Holocene North-Atlantic Gyres and Mediterranean Overturning dynamic through Climate Changes – HAMOC

The salinity and heat balance of the North Atlantic region is of paramount importance for the Northern Hemisphere climate and is intimately tied to the northward transport of heat and salt through the gyre and intergyre circulations and the Atlantic Meridional Overturning Circulation (AMOC), as revealed by modern hydrographical observations and model simulations. However, little is known about the long-term and low frequency (centennial to millennial) Atlantic gyres variability and their link to climate as well as to salt and heat contributions from the Mediterranean Sea. Previous studies have shown that sub-millennial variability throughout the last 11,500 years (the Holocene) are modulated by wind forcing and freshwater fluxes affecting the subpolar gyre strength and thus the surface properties of the North Atlantic waters entering the Nordic Seas. During the Holocene, the North Atlantic/European climate, including the Mediterranean area, have undergone significant changes as recorded by sea surface temperatures (SSTs), continental precipitation and air temperature reconstructions. Understanding the causes of climate variability in proxy records requires an integrated approach combining surface and sub-surface ocean properties and continental time series at decadal to centennial time-scales and their comparison with model simulations.
This project aims at producing robust geochemical proxy reconstructions in key regions of the North Atlantic and Mediterranean Sea for the past 11,500 years by using paleoceanographic proxies of SST (d18O and Mg/Ca from foraminifera, alkenones, derived quantification from microfossil assemblages), geochemical water mass tracers (eNd and d13C of foraminiferal tests) as well as novel tracers (eNd, Li/Mg) recorded in precisely dated cold-water corals (U/Th dating). Paleoclimate reconstructions will be evaluated against instrumental data over the 20th century, when possible, using modern corals and sediments collected with box-corers and ROV. To reach these objectives, our strategy will take advantage of the successful developments and scientific partnership of the ANR PICC, IDEGLACE (2005-2009) and NEWTON (2006-2010) previous projects. The HAMOC project will also benefit from the unique sample collections gathered during the past ten years of research on cold-water coral collection from along the eastern European margin and Mediterranean basin (INSU ICE-CTD, projects FP6 HERMES, FP7 HERMIONE, FP7 EPOCA, and FP7 CORALFISH) and interactions with European climate projects such as the FP7 Past4Future that produced numerical simulations and climate reconstructions including the Holocene period. Finally, HAMOC will strongly benefit from new laboratory infrastructure such as cutting edge mass spectrometry techniques (Neptuneplus MC-ICPMS – IDES/LSCE and CEREGE) and recent analytical developments for rapid and precise isotope measurements (eNd) and age determination (U-series and AMS 14C dating) on corals. On the modelling side, the project will benefit from long simulations over the Holocene from the state-of-the-art IPSLCM5A climate model where ocean tracers are implemented.

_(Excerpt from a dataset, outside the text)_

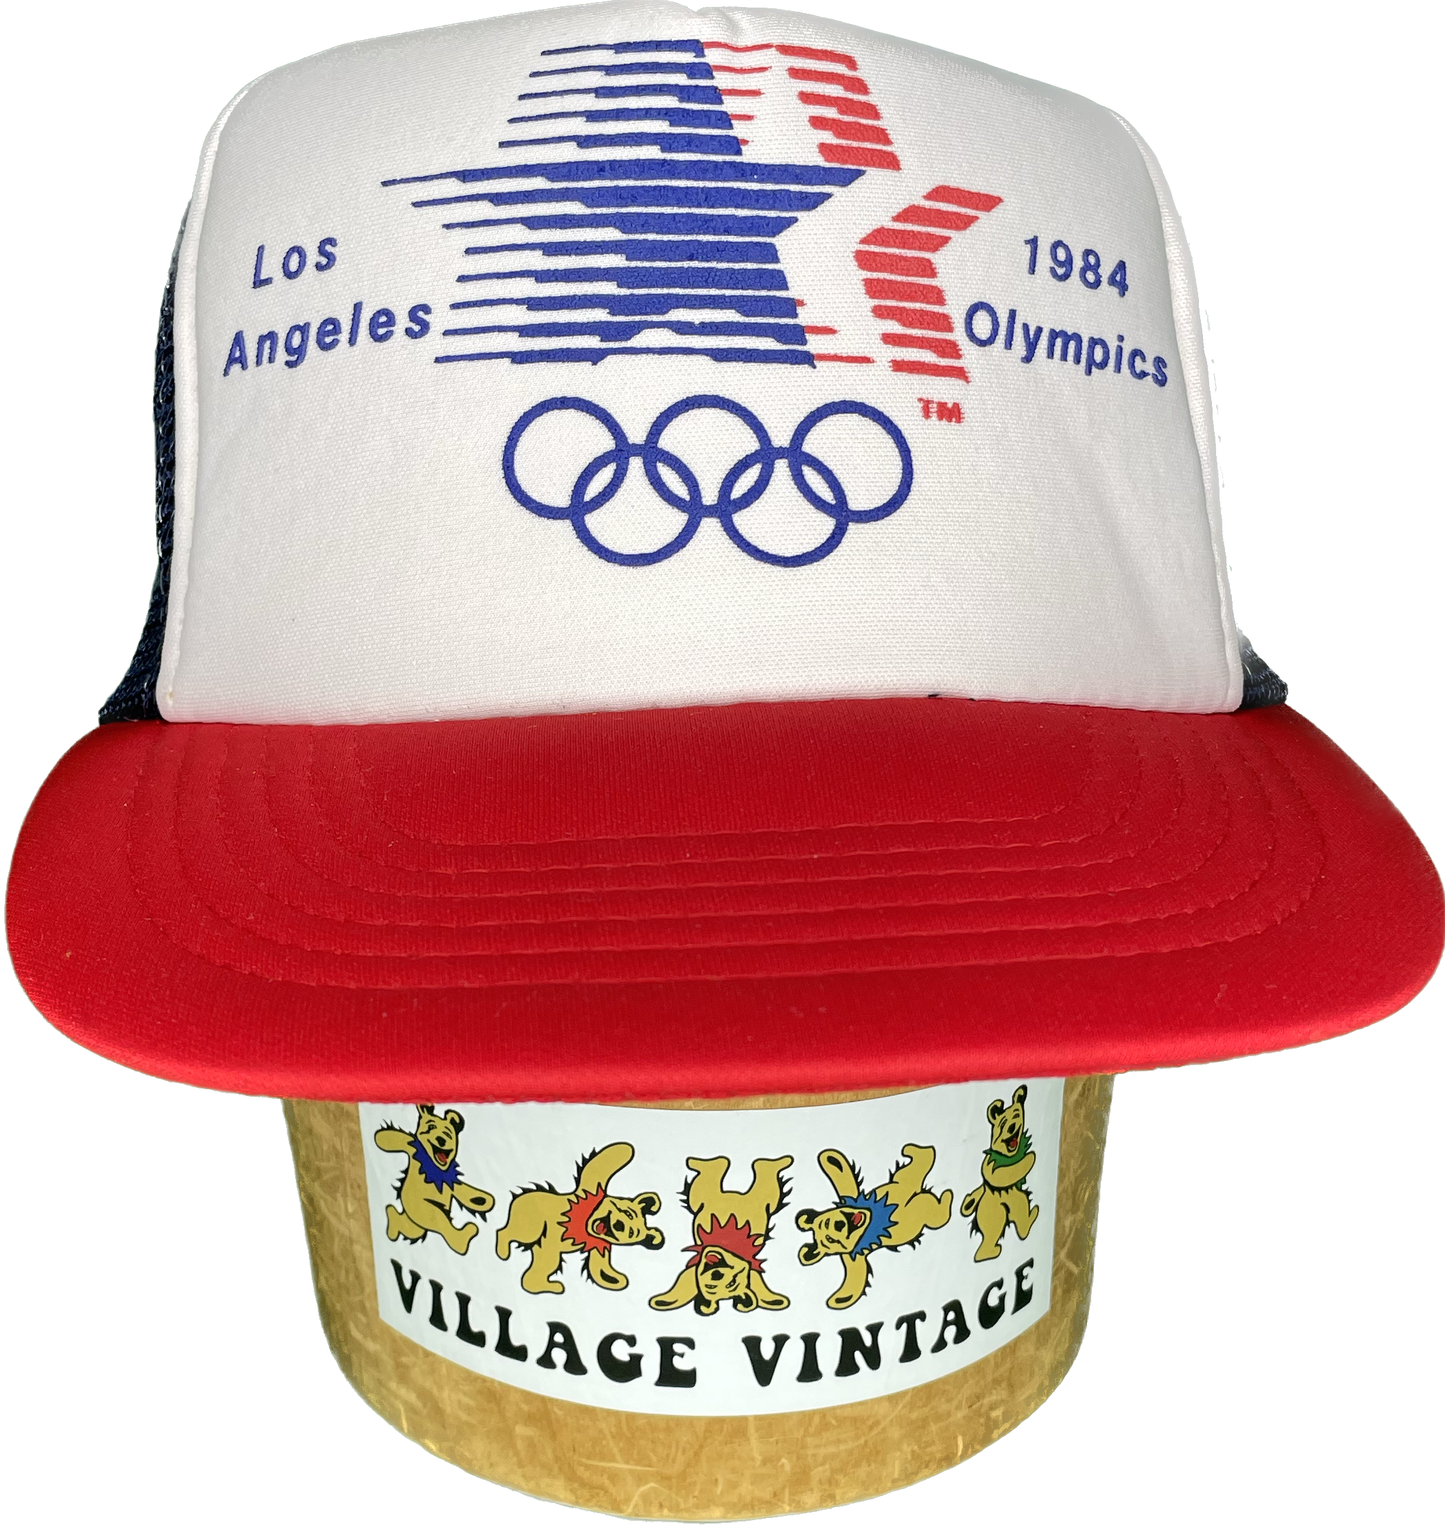 Vintage 80s Los Angeles Olympics 1984 SnapBack Trucker Hat

Broader Impacts: The project will document the relationships between climate and cold-water coral ecosystems in the North Atlantic and Mediterranean Sea. This project will further support the career of young research fellows (PhD students and postdocs) who will develop their scientific skills in an emerging field linking marine geochemistry, oceanography and climatology expertises. The consortium will dedicate a significant effort for public outreach to raise awareness on coral ecosystems and the natural climate variability of the North Atlantic Ocean.